Het Perzische leger was verdeeld in regimenten van elk duizend man, hazarabam genaamd. Tien hazarabams vormden een haivarabam, of divisie. De bekendste haivarabam waren de Onsterfelijken, de persoonlijke garde van de koning. De kleinste eenheid was de tien mans dathaba. Tien dathaba’s vormden de sataba van honderd man.
Het koninklijk leger gebruikte een systeem van gekleurde uniformen om de verschillende eenheden te identificeren. Er werd een grote verscheidenheid aan kleuren gebruikt, waarvan de meest voorkomende geel, paars en blauw waren. Maar dit systeem was waarschijnlijk beperkt tot de inheemse Perzische troepen en werd niet gebruikt voor hun talrijke bondgenoten.
De gebruikelijke tactiek die de Perzen in de beginperiode van het keizerrijk toepasten, was het vormen van een schildmuur waar boogschutters overheen konden schieten.
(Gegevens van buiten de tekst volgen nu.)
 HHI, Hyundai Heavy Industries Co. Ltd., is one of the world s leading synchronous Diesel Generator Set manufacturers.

Deze troepen (sparabara of schilddragers genoemd) waren uitgerust met een groot rechthoekig rieten schild, spara genaamd, en bewapend met een korte speer van ongeveer twee meter lang.
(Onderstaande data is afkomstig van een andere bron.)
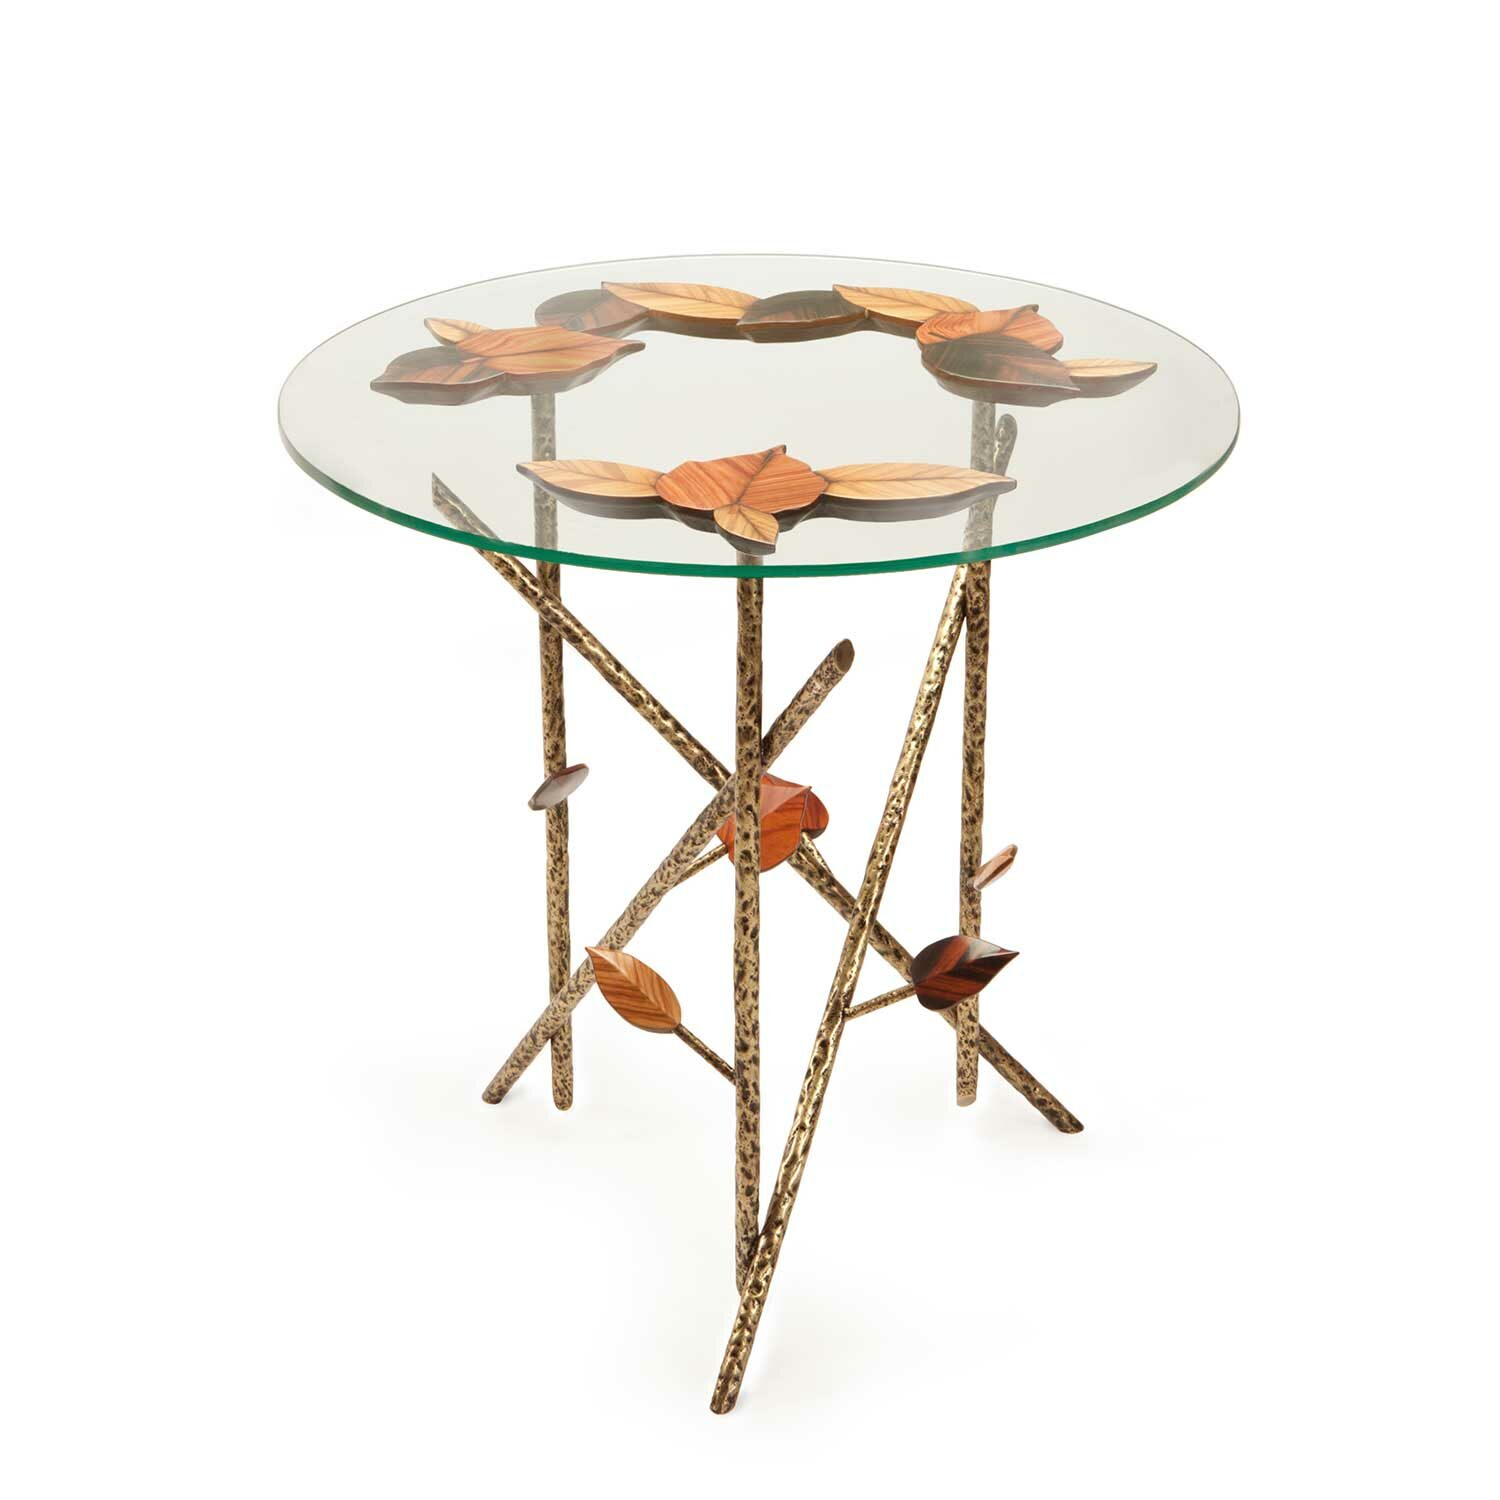 TREE BRANCHES side table

De boog was het meest gebruikte wapen van de Perzen. De rol van de sparabara was de vijand te verzwakken met volleys van pijlen. De belangrijkste stootactie werd door de cavalerie uitgevoerd. Het zwaar uitgeruste Perzische voetvolk was niet ideaal voor schokaanvallen.
Het Perzische leger bestond uit infanterie, cavalerie, wagenmenners, boogschutters, genieofficieren, en nafta-werpers. In de begintijd had het leger van Cyrus weinig cavalerie, en de normale verhouding tussen infanterie en cavalerie was 90 procent op 10 procent. Na Cyrus veranderde de verhouding in 80 procent infanterie en 20 procent cavalerie, waarbij de Perzen en Meden het leeuwendeel van de zware cavalerie vormden als het elite slagwapen. Cyrus besefte het belang van de cavalerie voor een leger dat zich snel over lange afstanden moest verplaatsen en in veel verschillende soorten terrein moest vechten. Hij smeedde persoonlijk de Perzische cavalerie tot ’s werelds grootste bereden leger. Het grootste aantal Perzische ruiters bestond uit lichte cavalerie, gewapend met de eenvoudige boog (niet-samengesteld) en meestal bestaande uit ongeregelde nationaliteitstroepen die door Perzen werden geoffreerd. De tactische rol van deze lichte infanterie was de vijand lastig te vallen en in de strijd te lokken.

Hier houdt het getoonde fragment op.